BUG: Regression in DGESDD / DLASCL on macOS Vortex M1 #3654

larsoner · 2022-06-16T18:56:59Z

On 8c20ca3 using OpenBLAS to build and compile SciPy I get problems when I try to take use DGESDD (or DGESVD) to take the SVD of a matrix of ones of shape (41, 50):

OpenBLAS larsoner$ make clean; git reset --hard; git clean -xdf; MACOSX_DEPLOYMENT_TARGET=11.0 make && make install
scipy larsoner$ git clean -xdf && ln -s ../site.cfg && python setup.py develop && python -c "import numpy as np, scipy.linalg; scipy.linalg.svd(np.ones((41, 50)))"
 ** On entry to DLASCL parameter number  4 had an illegal value
 ** On entry to DLASCL parameter number  4 had an illegal value
Traceback (most recent call last):
  File "<string>", line 1, in <module>
  File "/Users/larsoner/python/scipy/scipy/linalg/_decomp_svd.py", line 131, in svd
    raise LinAlgError("SVD did not converge")
numpy.linalg.LinAlgError: SVD did not converge

On the previous commit 8e4c209, things seem to be okay (SVD decomp matches that on x86_64 Linux).

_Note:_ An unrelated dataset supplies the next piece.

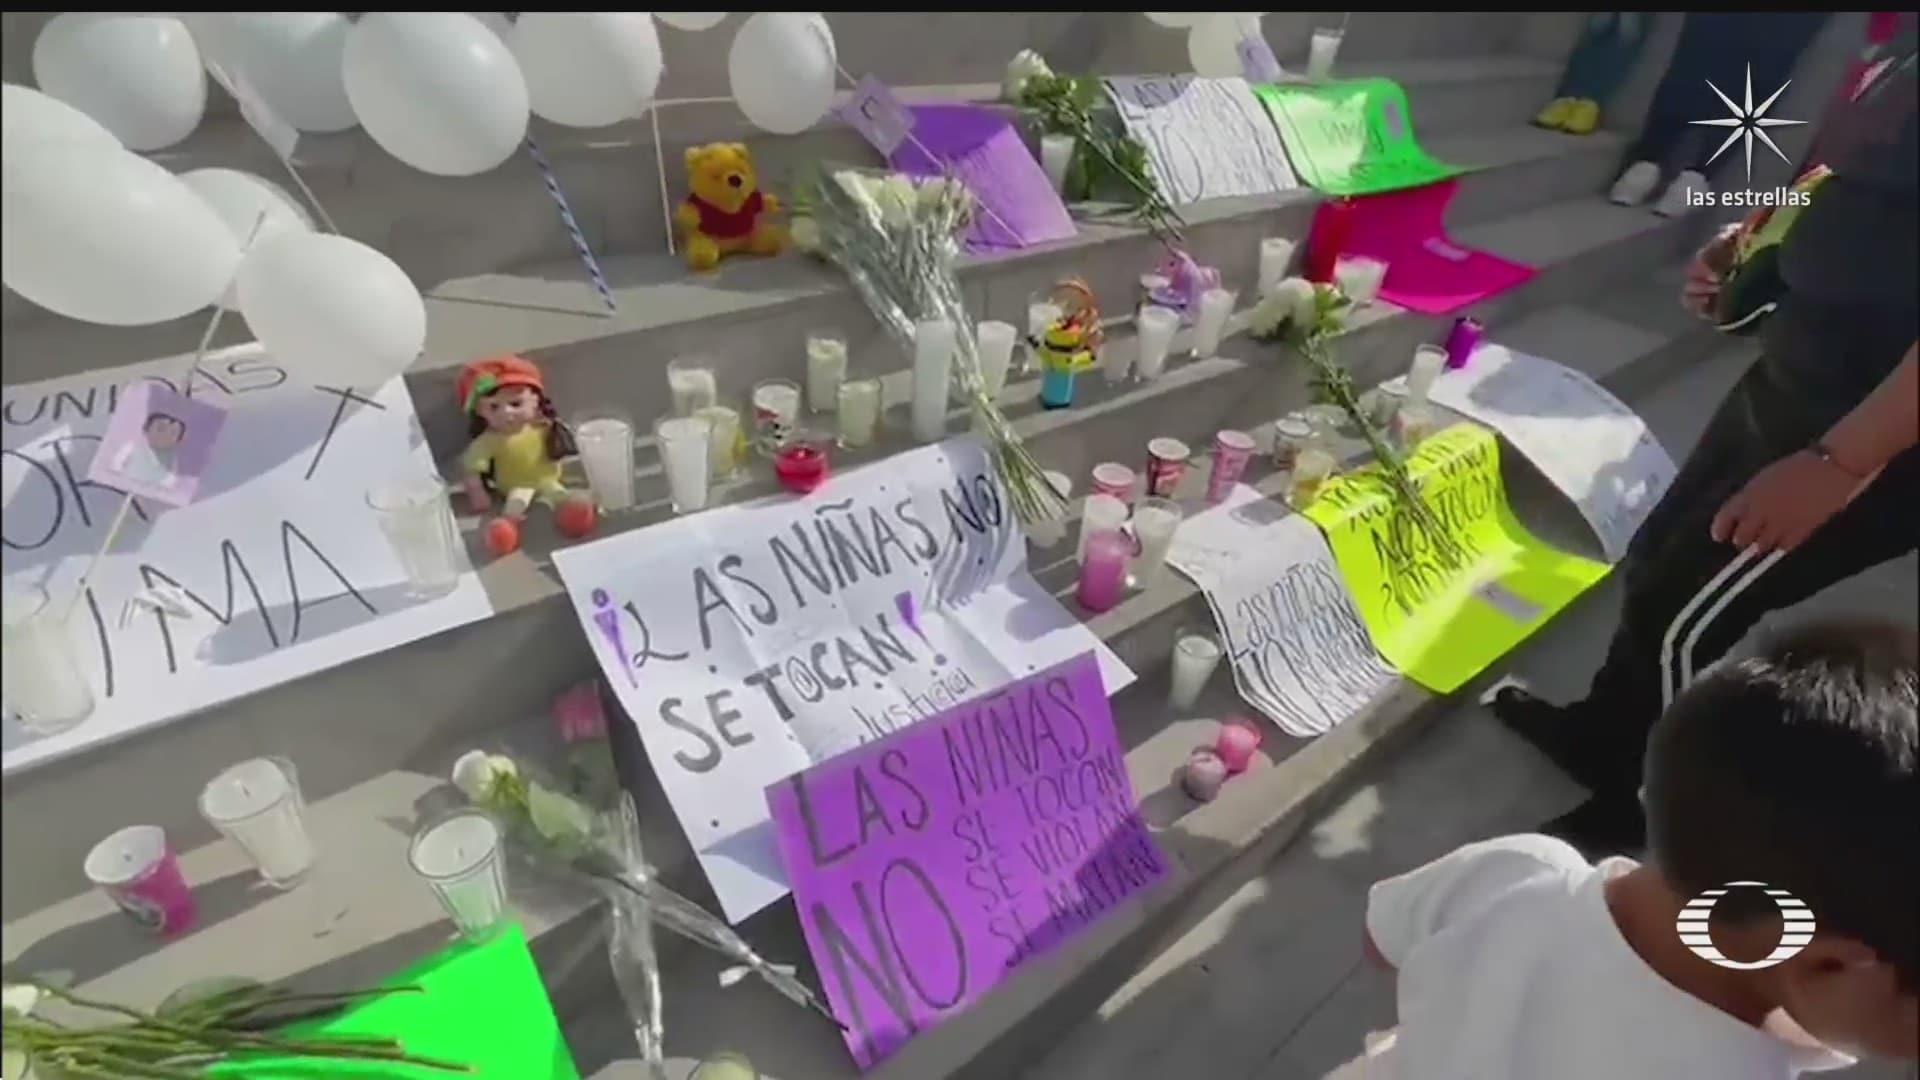 piden justicia por feminicidio de nina en milpa alta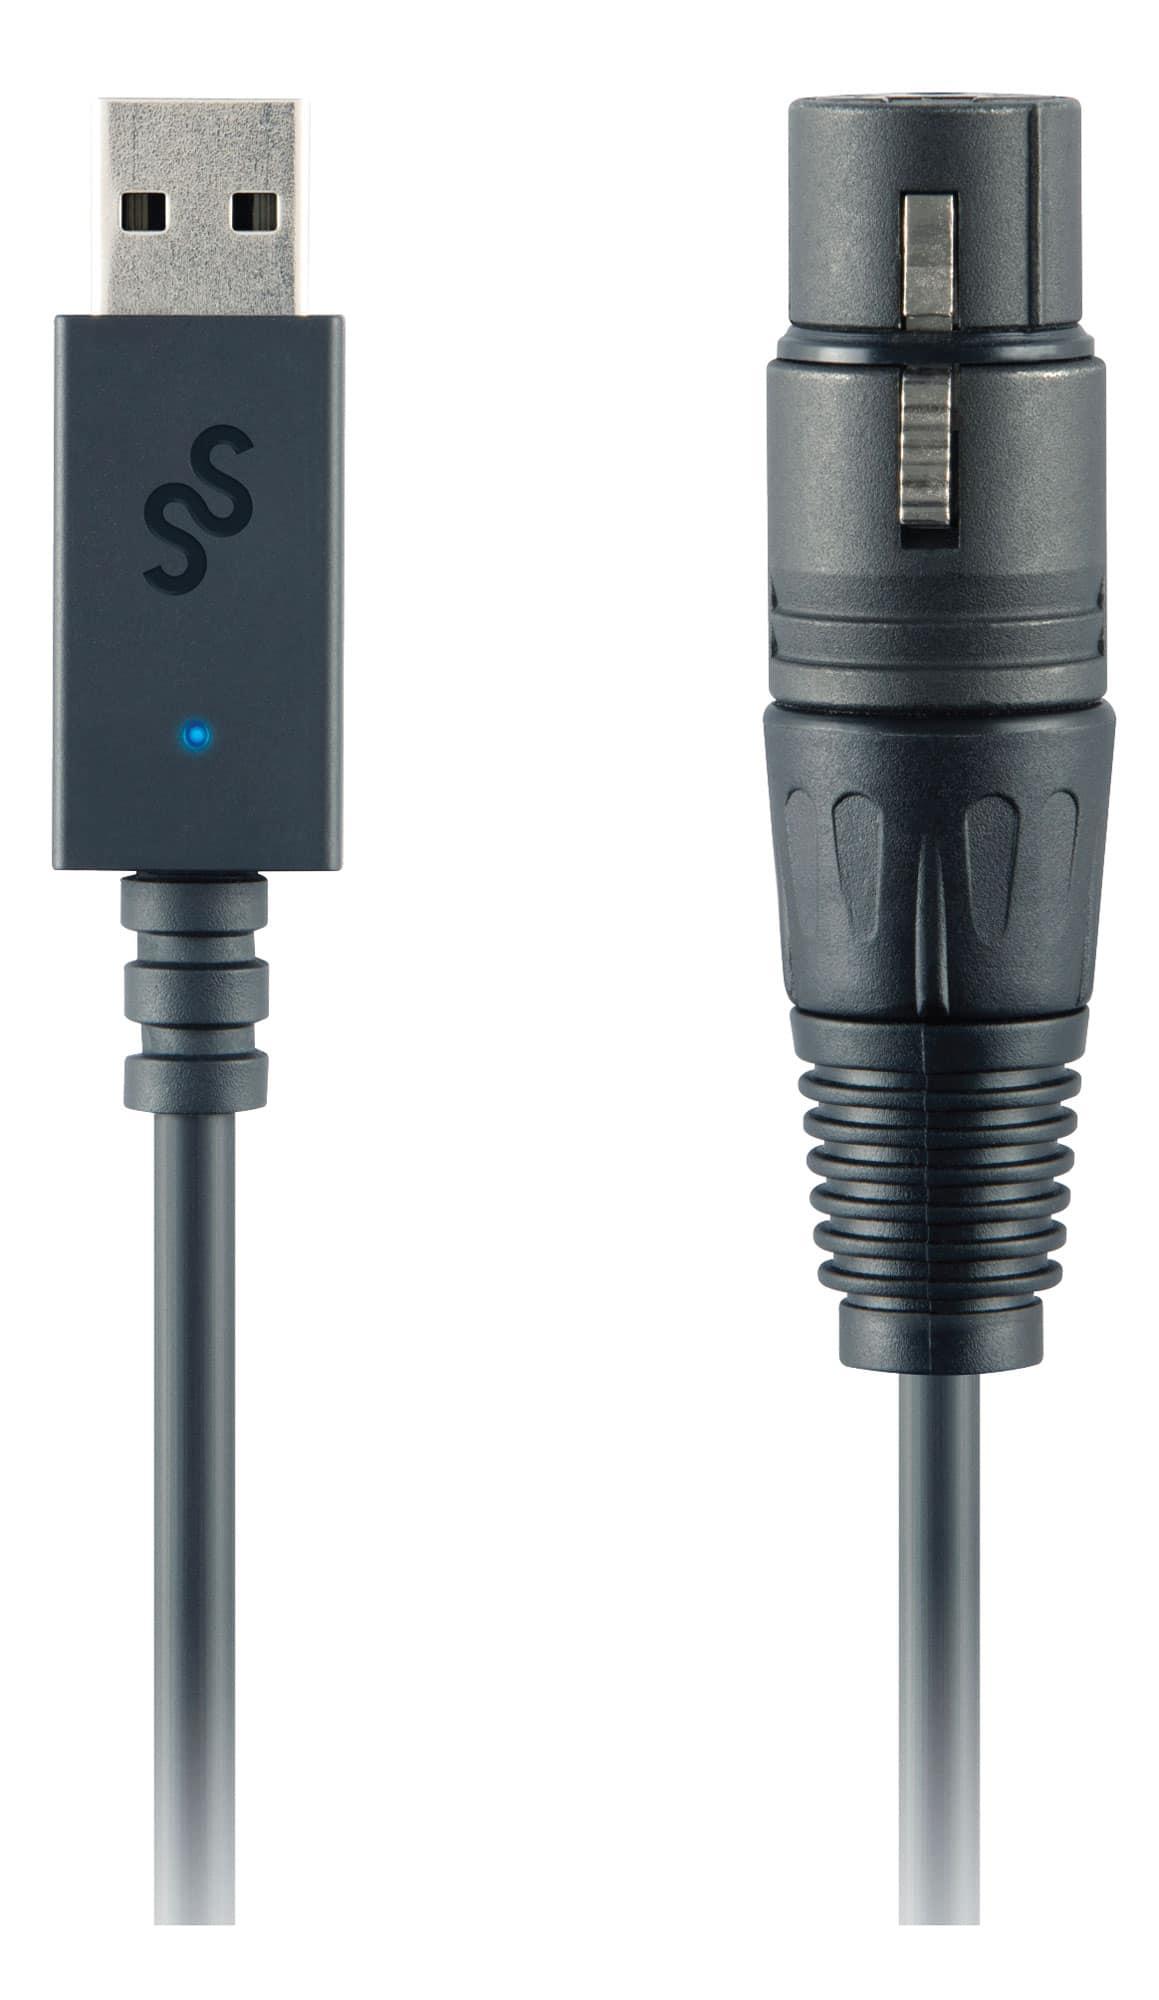 Lichtsteuerung - Soundswitch Micro DMX Interface - Onlineshop Musikhaus Kirstein

Same thing with being on latest develop / 7060ca5 and doing git revert 8c20ca3 to revert just one of the two commits (8c20ca3) from #3399 things are okay.

@martin-frbg looks like #3399 this was your PR, can you replicate?

cross-ref numpy/numpy#21756

The text was updated successfully, but these errors were encountered:

martin-frbg · 2022-06-16T20:28:58Z

Sadly I cannot test on macOS/M1 with the gccfarm machine unavailable. I see no obvious error in the parameters, and all usual BLAS and LAPACK tests pass on the Linux/M1 machine there. (Getting numpy installed there may be a challenge).
Right now my assumption is either a miscompilation by xcode, or some undetected fault in the ThunderX2 kernels.
The "invalid parameter 4" from DLASCL - i.e. something creating NaNs - reminds me of #2709 where the system fmod turned out to be the culprit (though on Windows)

martin-frbg · 2022-06-16T20:52:17Z

Adapted Fortran test code from #348 also runs fine on Linux/M1

larsoner · 2022-06-16T20:53:52Z

@martin-frbg could you paste the file/commands here so a Fortran newbie (me) could compile + run a test locally?

larsoner · 2022-06-16T20:54:19Z

(Also, this might only be a bug with the 32-bit interface, if that matters -- TBD)

martin-frbg · 2022-06-16T21:51:28Z

gesdd.f.txt
gfortran -ffree-form gesdd.f libopenblas.a -lpthread -o gesdd
./gesdd
(my tests were done with the 32bit interface, though if you happened to mix a 64bit-integer numpy with a 32bit-integer OpenBLAS or vice versa that would go a long way towards explaining illegal parameter value errors from LAPACK calls)

larsoner · 2022-06-16T22:16:43Z

@martin-frbg indeed I have no problem running that code snippet on develop. I'm not sure why git revert 8c20ca345aad43c2f74a72b356afdbc1ec368e31 would fix things for NumPy. Feel free to close this if this Fortran code emitting no messages for you or me convinces you that the problem has to be at the NumPy end!

martin-frbg · 2022-06-16T22:53:43Z

Oh I'm easily upset, especially by someone with an actual math degree. Just in this case there is not much to go on and no way to reproduce this right now. (Guess I could try running the Fortran testcase on the neoverse in Travis CI though)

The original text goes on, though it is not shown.